Reproduce the full listing below exactly. Do not include the pictures.

Data segment
===

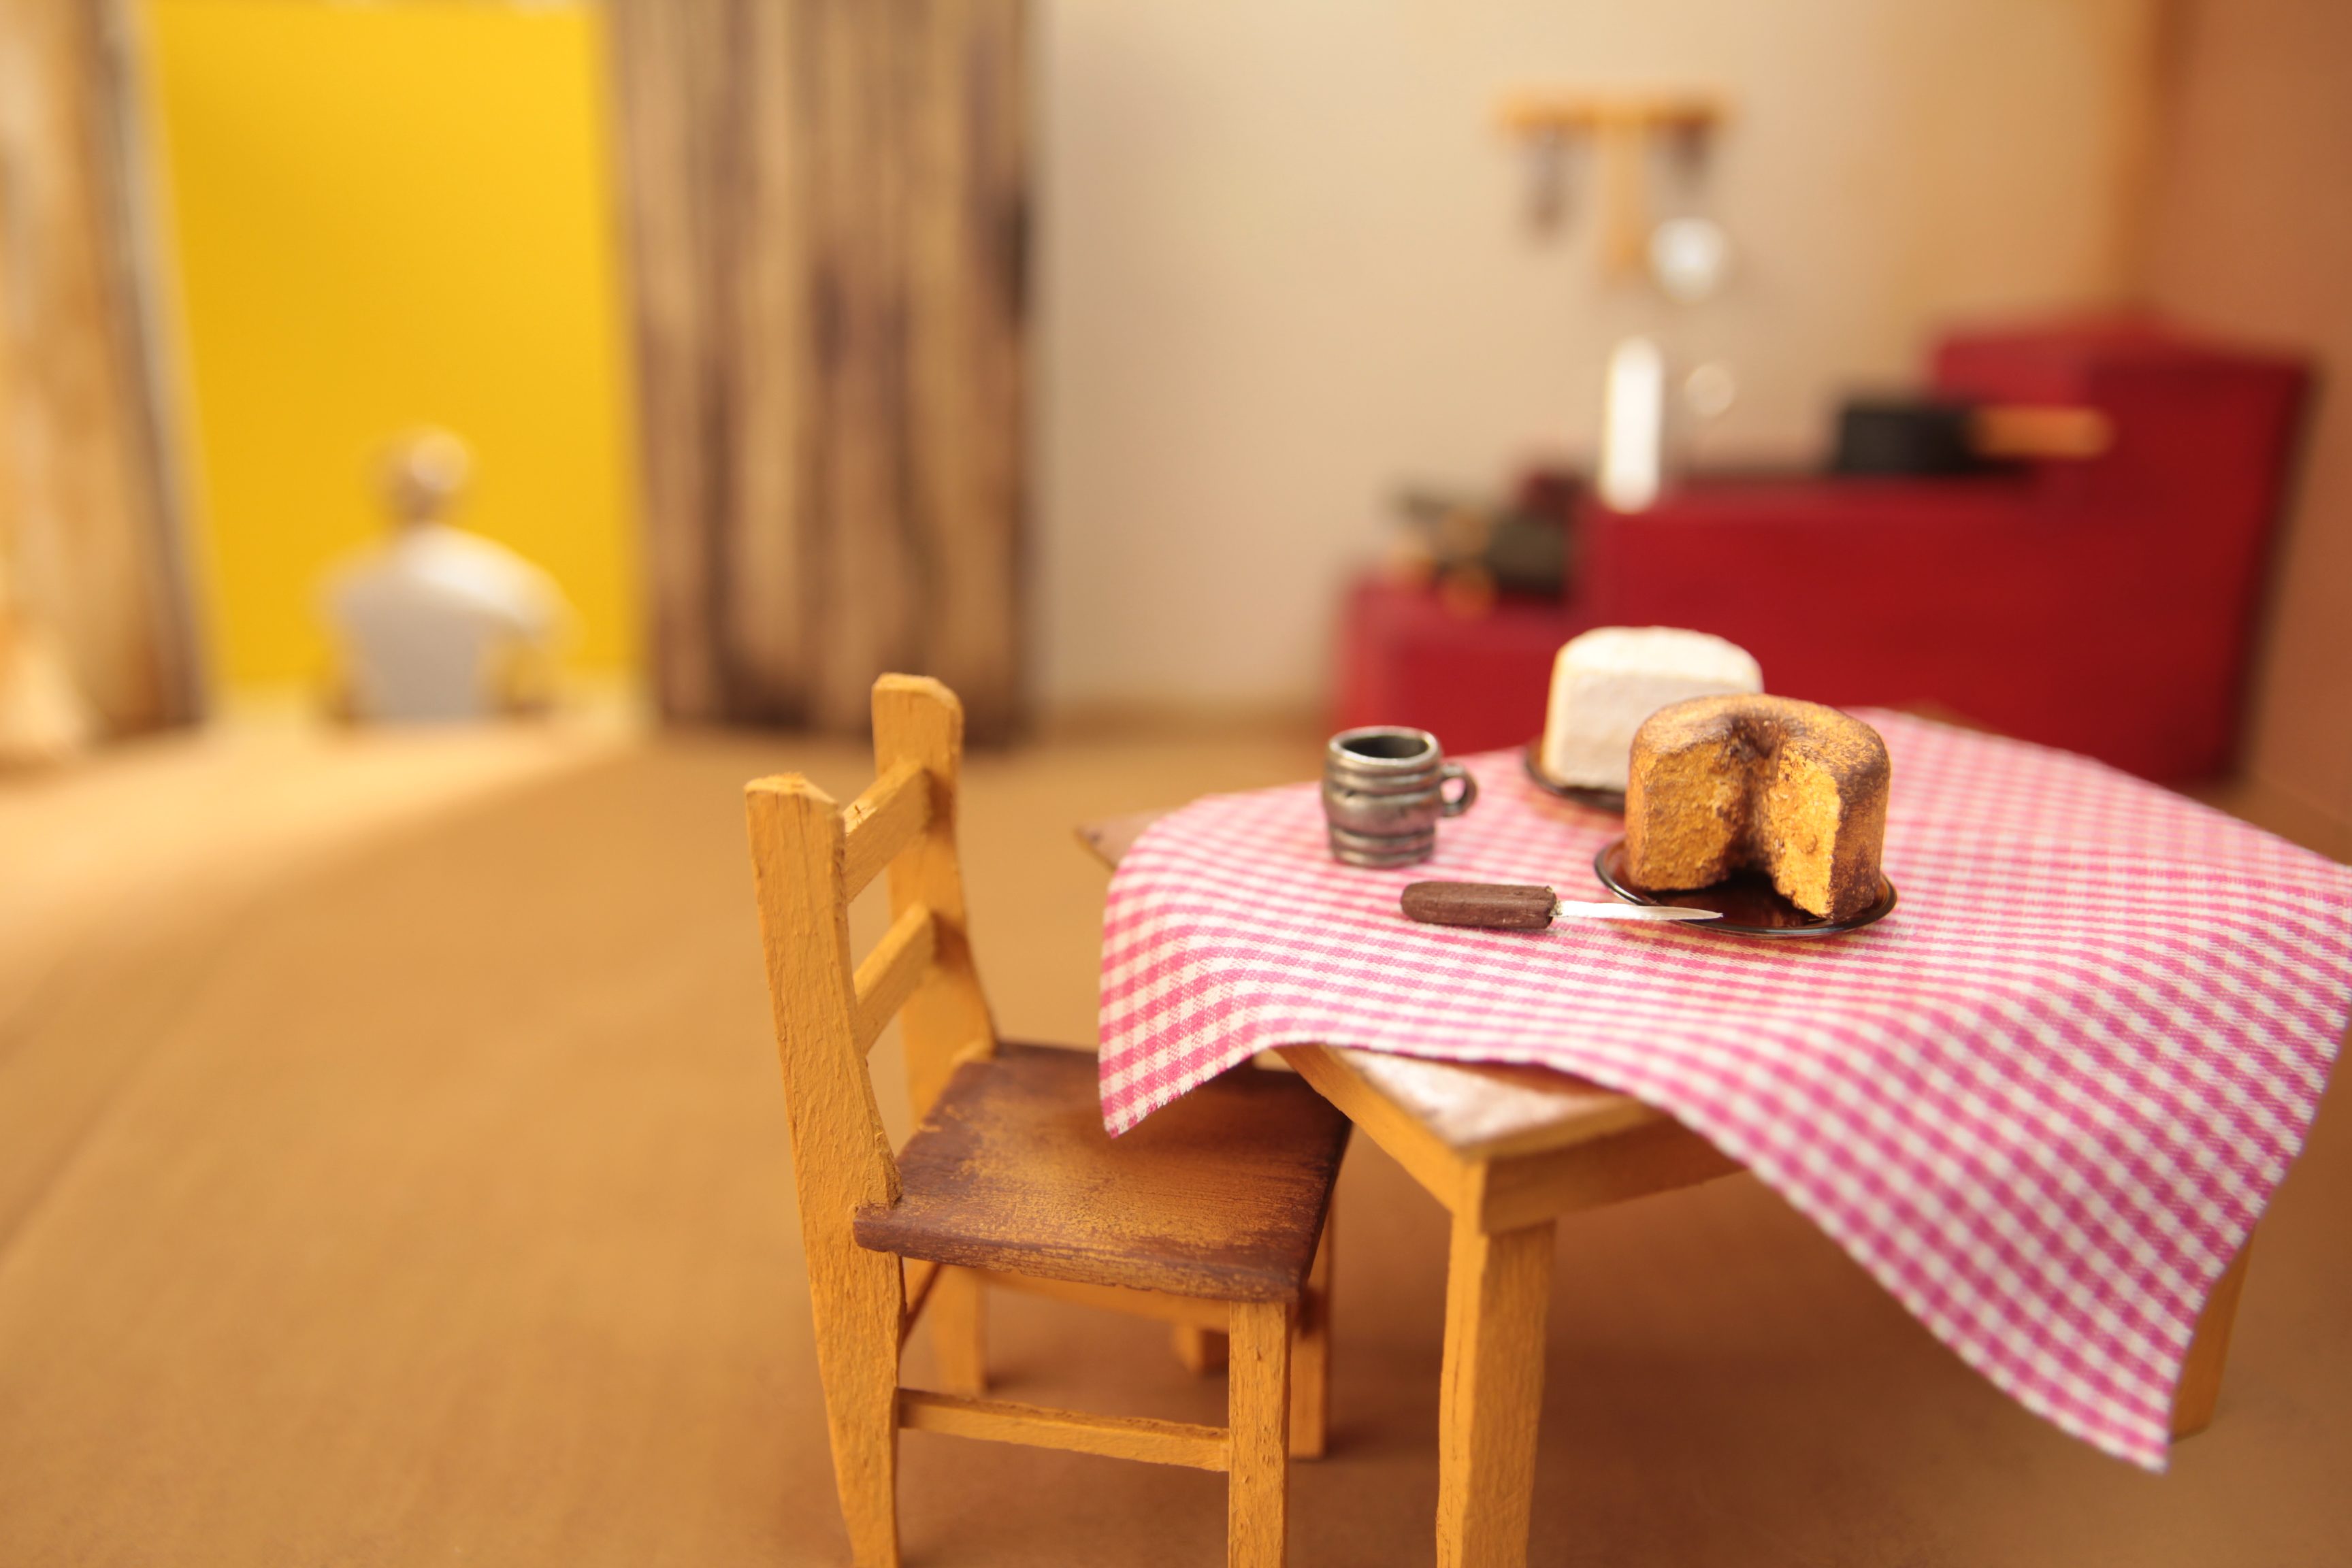 Miniature cabin (details)
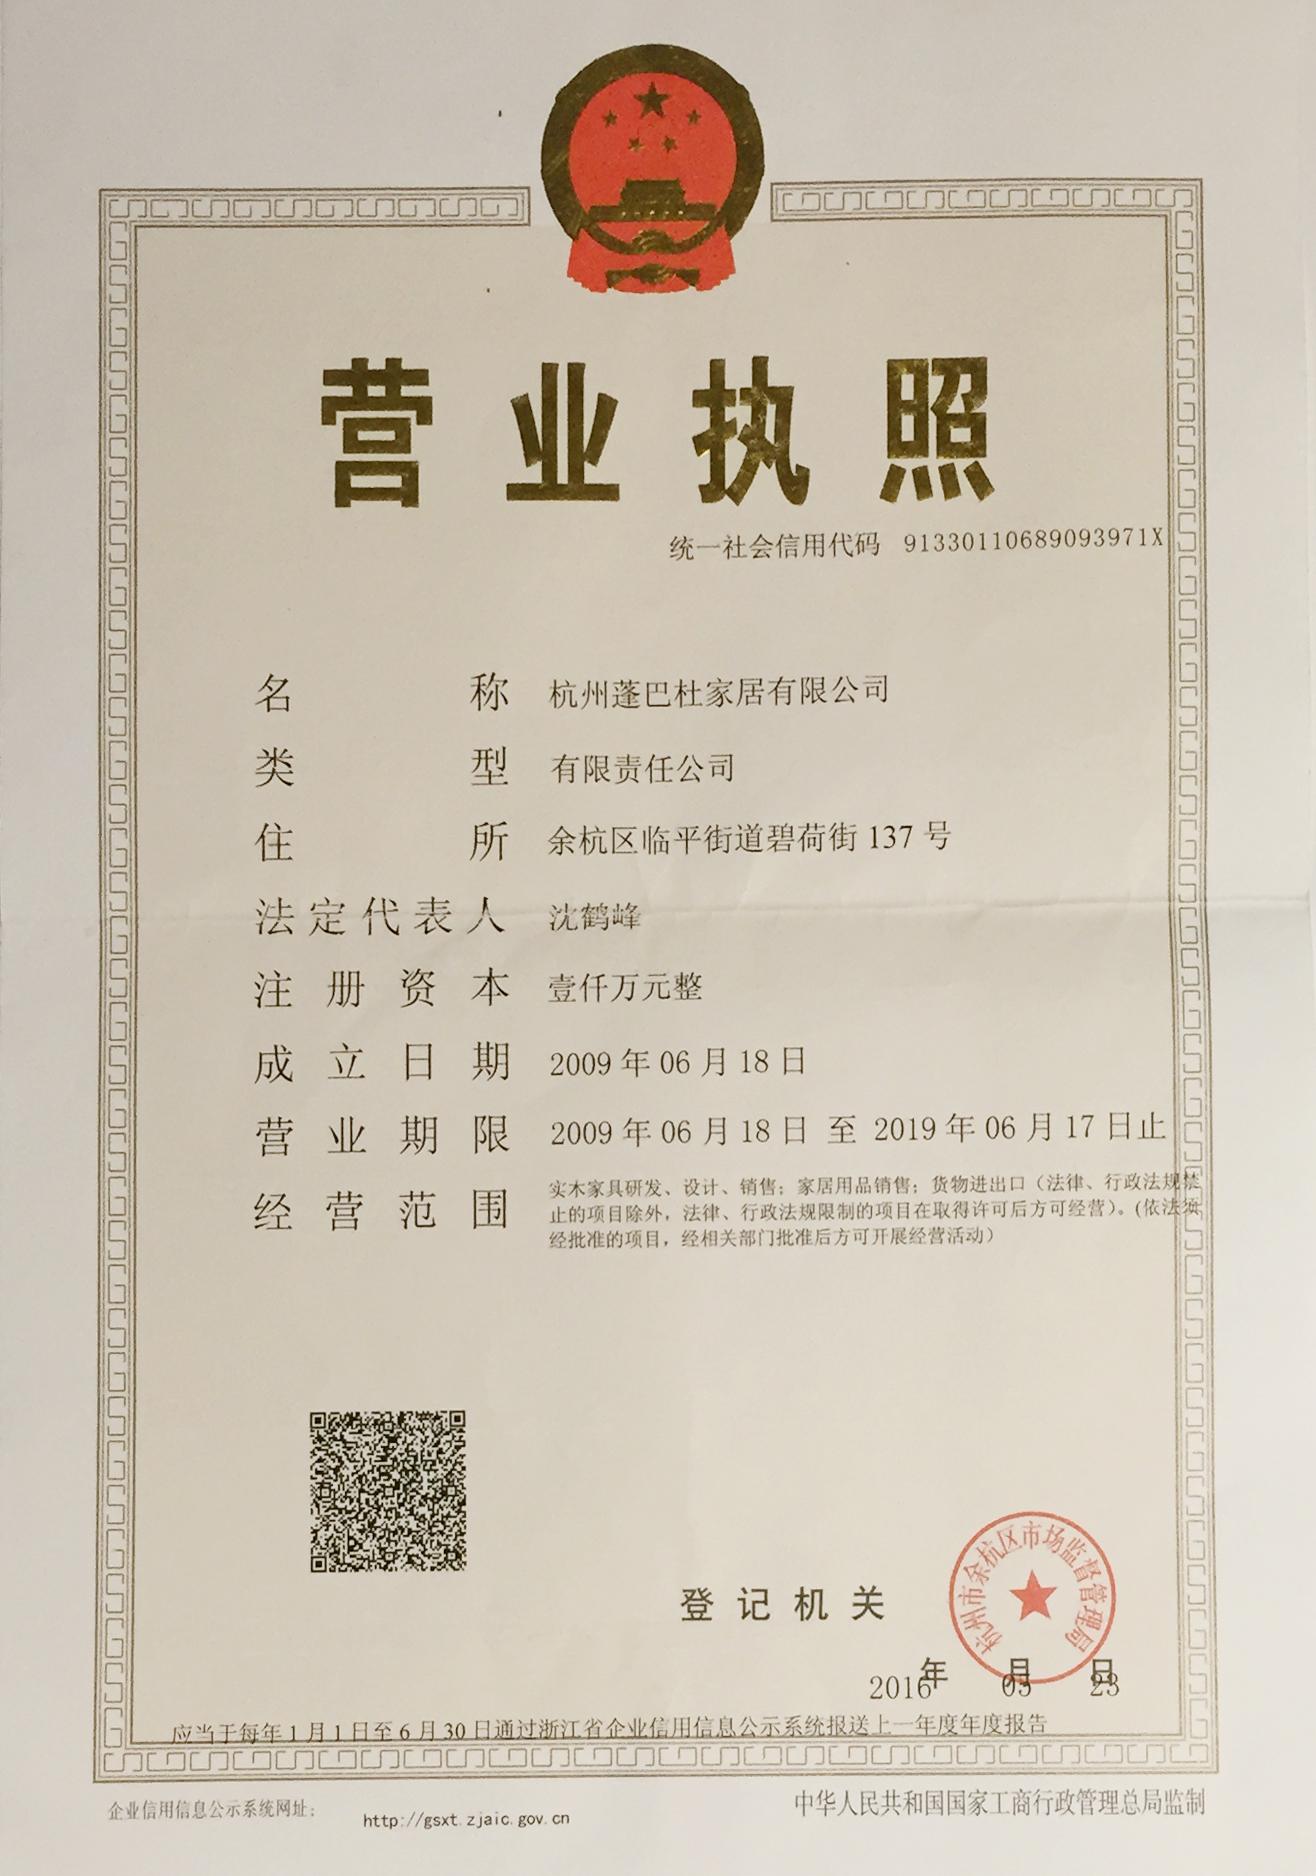 蓬巴杜-企业营业执照(注册资本:1000万元)
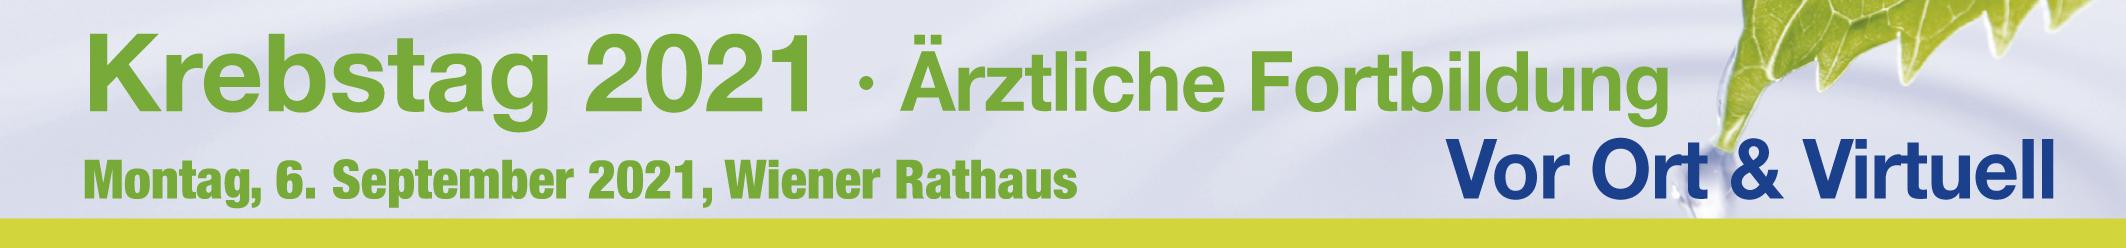 Wiener Krebstag 2021 - Ärztliche Fortbildung

===

Finished task
 Miniature cabin (details)
 蓬巴杜-企业营业执照(注册资本:1000万元)
 Wiener Krebstag 2021 - Ärztliche Fortbildung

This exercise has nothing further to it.